■ **Required work**
Skip the pictures and give back the rest of the listing exactly.
#### Dataset extract
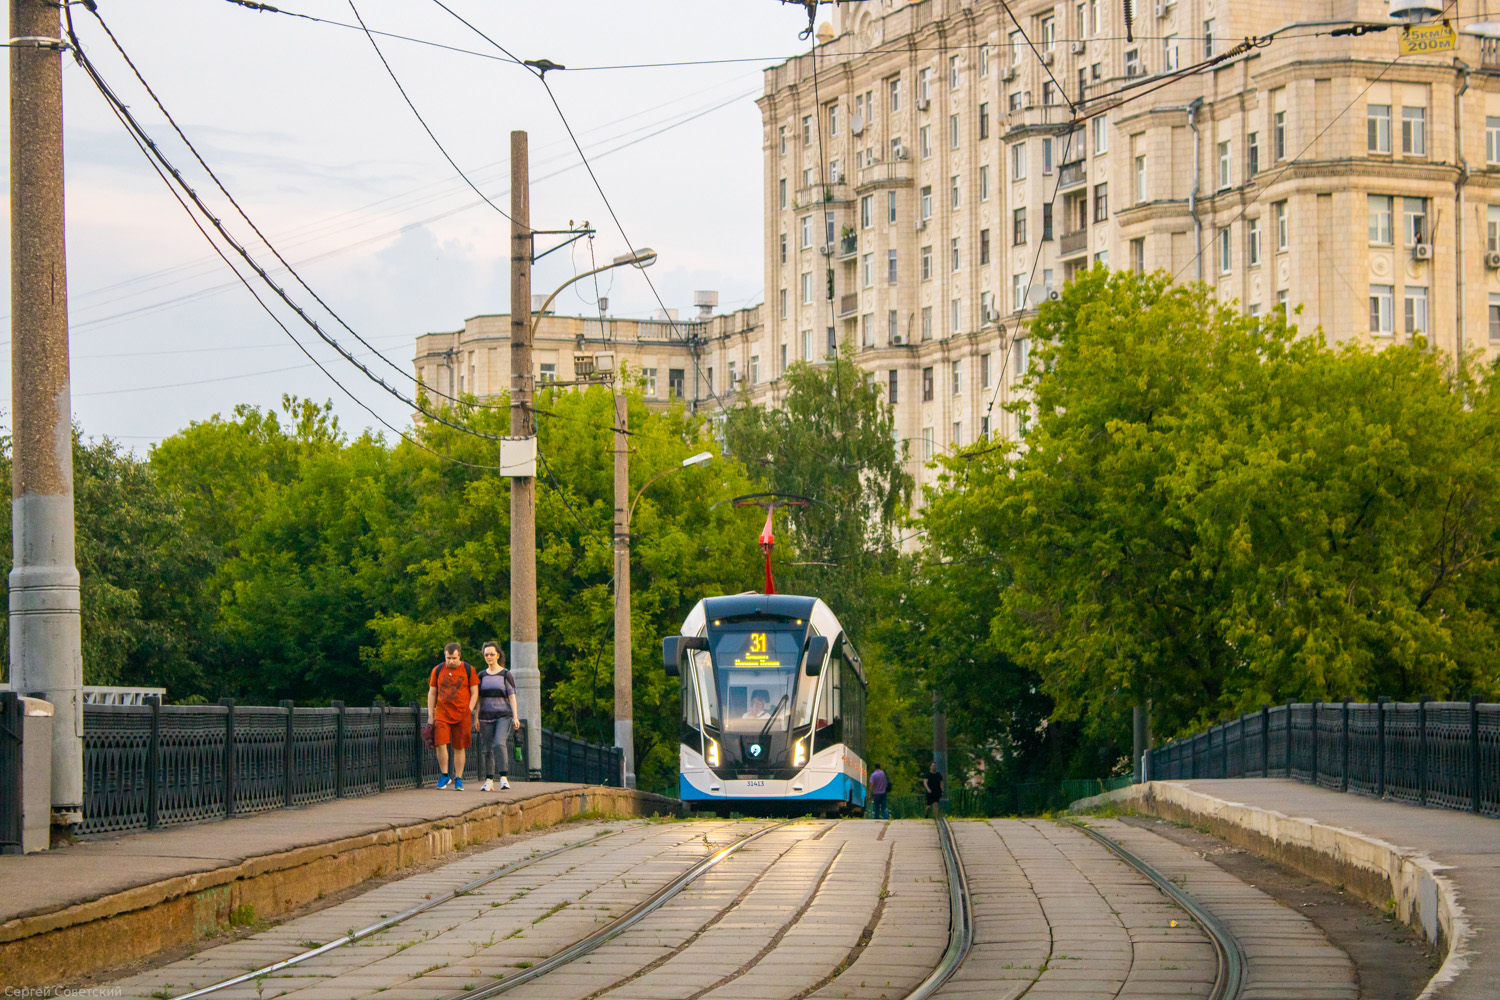 莫斯科 — Tram lines: Northern Administrative District
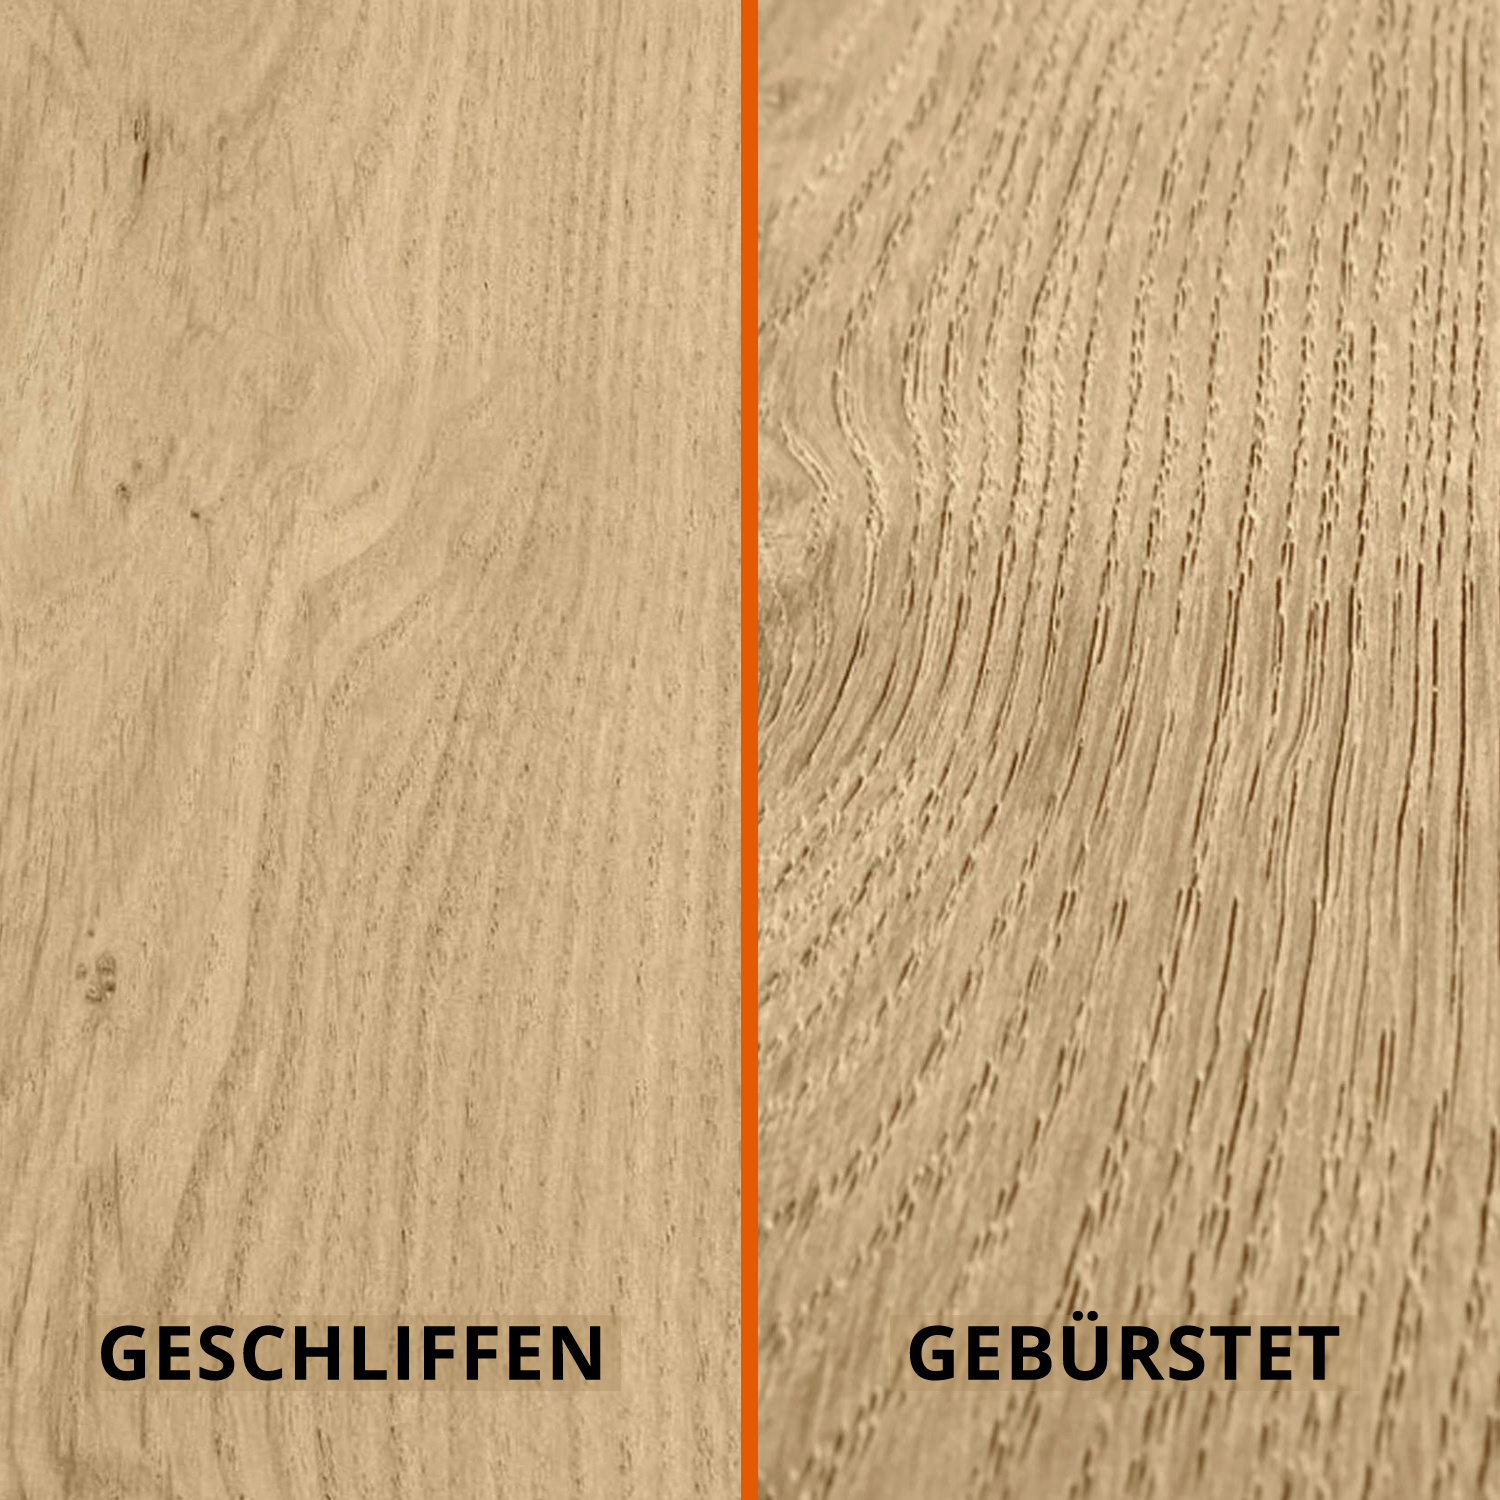  Tischplatte Eiche rund nach Maß - 2 cm dick - Eichenholz rustikal - Durchmesser: 30 - 180 cm - Eiche Tischplatte rund massiv - verleimt & künstlich getrocknet (HF 8-12%)
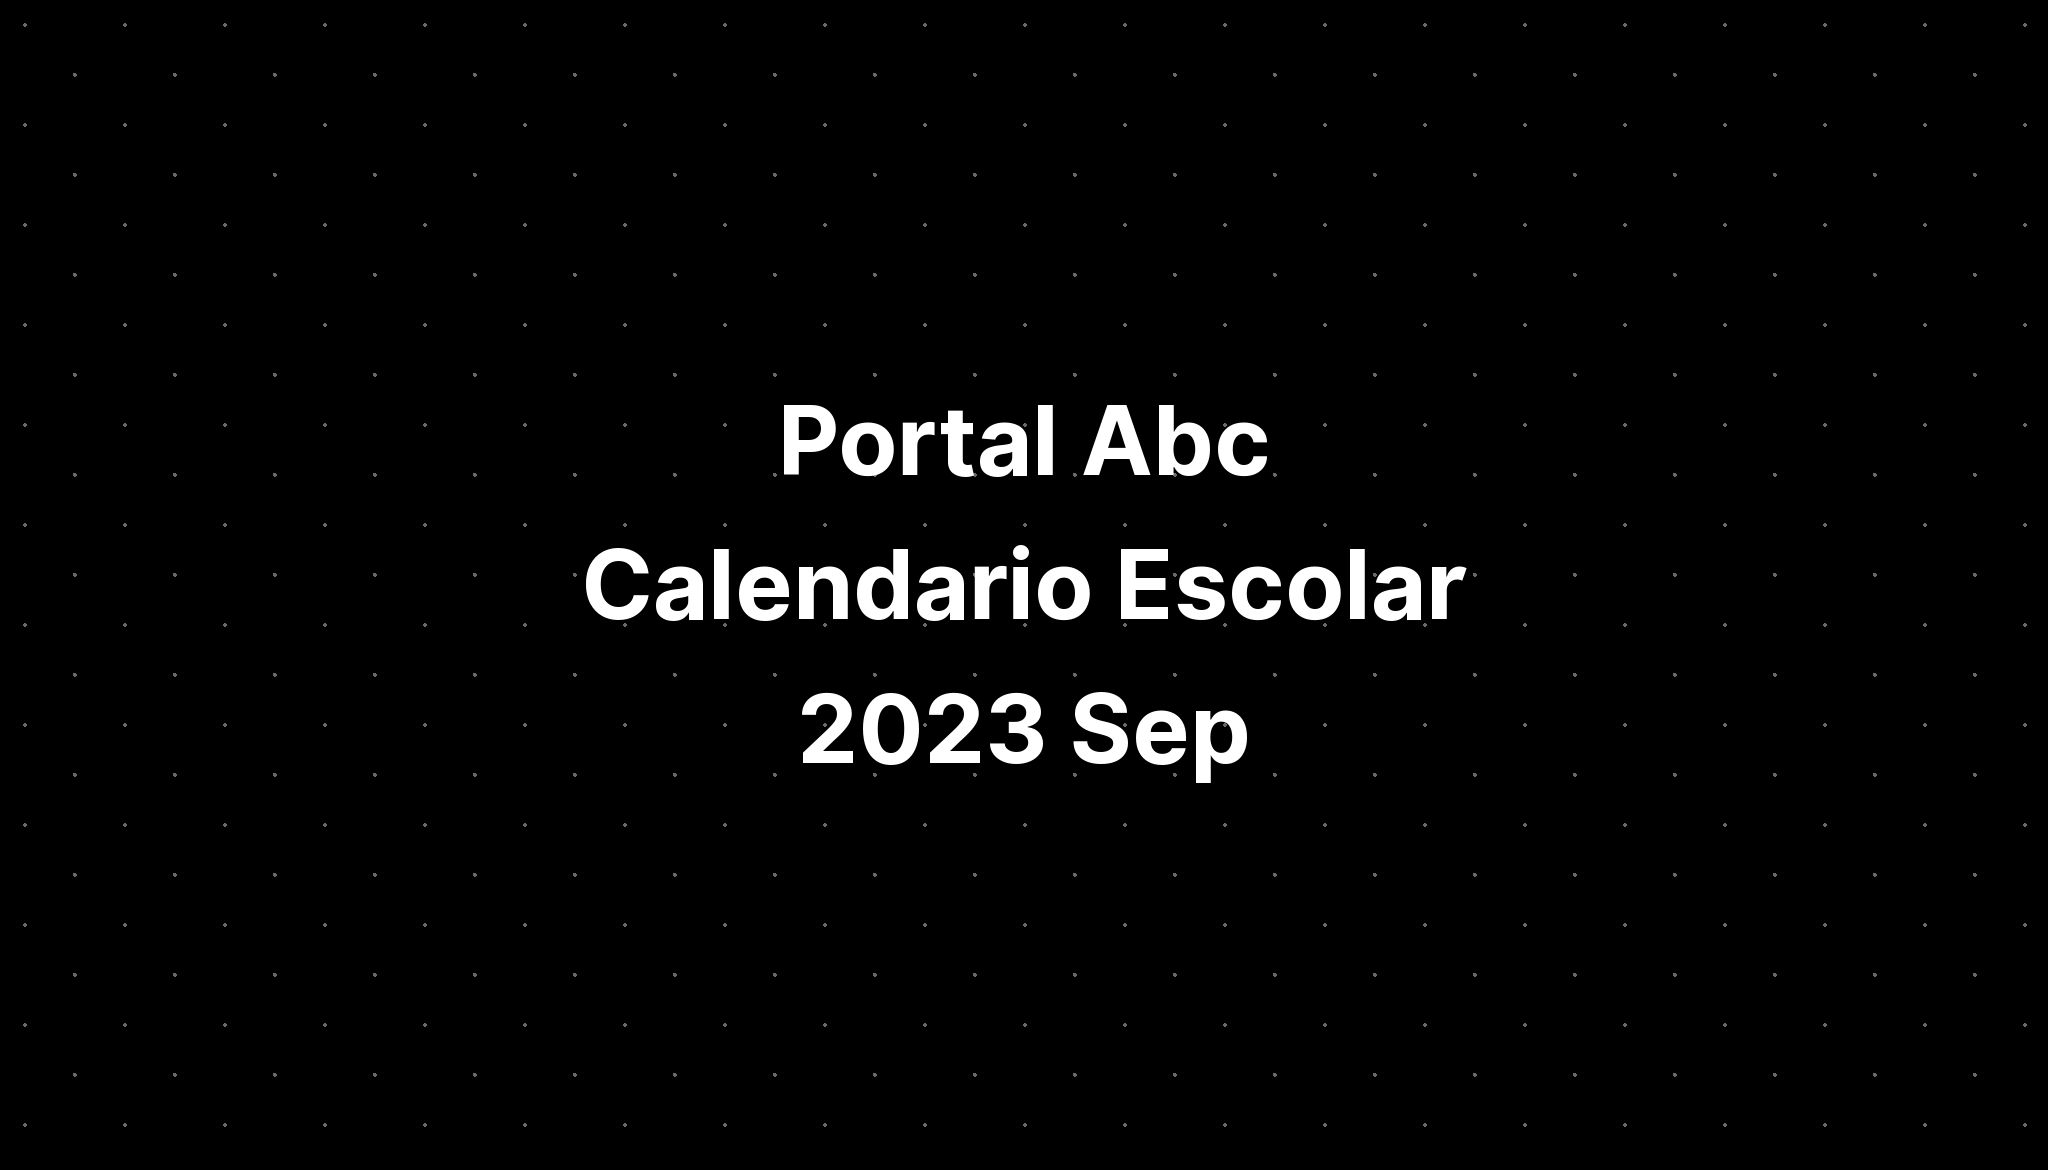 Portal Abc Calendario Escolar 2023 2024 Costa Rica IMAGESEE
########
■ **Exercise output**
 莫斯科 — Tram lines: Northern Administrative District
  Tischplatte Eiche rund nach Maß - 2 cm dick - Eichenholz rustikal - Durchmesser: 30 - 180 cm - Eiche Tischplatte rund massiv - verleimt & künstlich getrocknet (HF 8-12%)
 Portal Abc Calendario Escolar 2023 2024 Costa Rica IMAGESEE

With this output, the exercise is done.